Listed entries START
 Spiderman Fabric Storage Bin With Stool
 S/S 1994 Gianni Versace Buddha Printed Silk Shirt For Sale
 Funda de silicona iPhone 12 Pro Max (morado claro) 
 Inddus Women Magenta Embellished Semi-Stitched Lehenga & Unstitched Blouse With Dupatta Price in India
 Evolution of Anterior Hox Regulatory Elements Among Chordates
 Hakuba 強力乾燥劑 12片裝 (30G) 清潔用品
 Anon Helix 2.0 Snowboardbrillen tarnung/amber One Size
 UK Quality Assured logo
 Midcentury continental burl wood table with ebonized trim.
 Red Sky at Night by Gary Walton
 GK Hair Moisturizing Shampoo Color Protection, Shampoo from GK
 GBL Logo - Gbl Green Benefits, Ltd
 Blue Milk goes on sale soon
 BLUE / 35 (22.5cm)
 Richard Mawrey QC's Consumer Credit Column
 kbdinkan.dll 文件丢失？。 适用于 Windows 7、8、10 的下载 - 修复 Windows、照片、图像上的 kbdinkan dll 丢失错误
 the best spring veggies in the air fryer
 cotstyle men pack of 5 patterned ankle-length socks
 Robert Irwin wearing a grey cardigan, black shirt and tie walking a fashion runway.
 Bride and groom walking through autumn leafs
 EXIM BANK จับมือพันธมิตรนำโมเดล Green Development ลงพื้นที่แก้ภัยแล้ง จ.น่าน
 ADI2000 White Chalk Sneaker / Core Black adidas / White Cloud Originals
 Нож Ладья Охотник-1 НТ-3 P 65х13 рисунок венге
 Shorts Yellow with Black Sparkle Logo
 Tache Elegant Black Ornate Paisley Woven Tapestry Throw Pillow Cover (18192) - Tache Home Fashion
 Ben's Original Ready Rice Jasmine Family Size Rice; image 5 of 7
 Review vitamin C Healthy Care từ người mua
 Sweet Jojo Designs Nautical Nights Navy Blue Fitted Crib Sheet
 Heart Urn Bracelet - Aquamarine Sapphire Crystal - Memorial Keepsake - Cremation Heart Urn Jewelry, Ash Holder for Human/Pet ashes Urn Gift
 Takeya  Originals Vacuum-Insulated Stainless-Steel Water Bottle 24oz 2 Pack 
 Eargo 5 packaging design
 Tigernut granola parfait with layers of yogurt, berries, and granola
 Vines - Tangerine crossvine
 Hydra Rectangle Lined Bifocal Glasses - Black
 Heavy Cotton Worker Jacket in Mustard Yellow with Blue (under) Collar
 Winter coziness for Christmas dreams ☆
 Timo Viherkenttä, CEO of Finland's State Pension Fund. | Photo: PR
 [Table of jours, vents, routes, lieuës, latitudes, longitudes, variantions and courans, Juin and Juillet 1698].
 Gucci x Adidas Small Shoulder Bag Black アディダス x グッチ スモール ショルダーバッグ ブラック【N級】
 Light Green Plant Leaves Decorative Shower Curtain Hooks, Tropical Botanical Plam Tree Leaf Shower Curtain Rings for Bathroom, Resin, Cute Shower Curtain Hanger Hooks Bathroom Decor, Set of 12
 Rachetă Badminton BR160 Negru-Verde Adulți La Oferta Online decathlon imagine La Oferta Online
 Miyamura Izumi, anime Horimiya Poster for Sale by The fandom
Listed entries END
> [Work request]: Where the line holding "kbdinkan.dll 文件丢失？。 适用于" appears in the listing above, start reproducing exactly, and end with the line holding "EXIM BANK จับมือพันธมิตรนำโมเดล".

> [Solution for this task]:
 kbdinkan.dll 文件丢失？。 适用于 Windows 7、8、10 的下载 - 修复 Windows、照片、图像上的 kbdinkan dll 丢失错误
 the best spring veggies in the air fryer
 cotstyle men pack of 5 patterned ankle-length socks
 Robert Irwin wearing a grey cardigan, black shirt and tie walking a fashion runway.
 Bride and groom walking through autumn leafs
 EXIM BANK จับมือพันธมิตรนำโมเดล Green Development ลงพื้นที่แก้ภัยแล้ง จ.น่าน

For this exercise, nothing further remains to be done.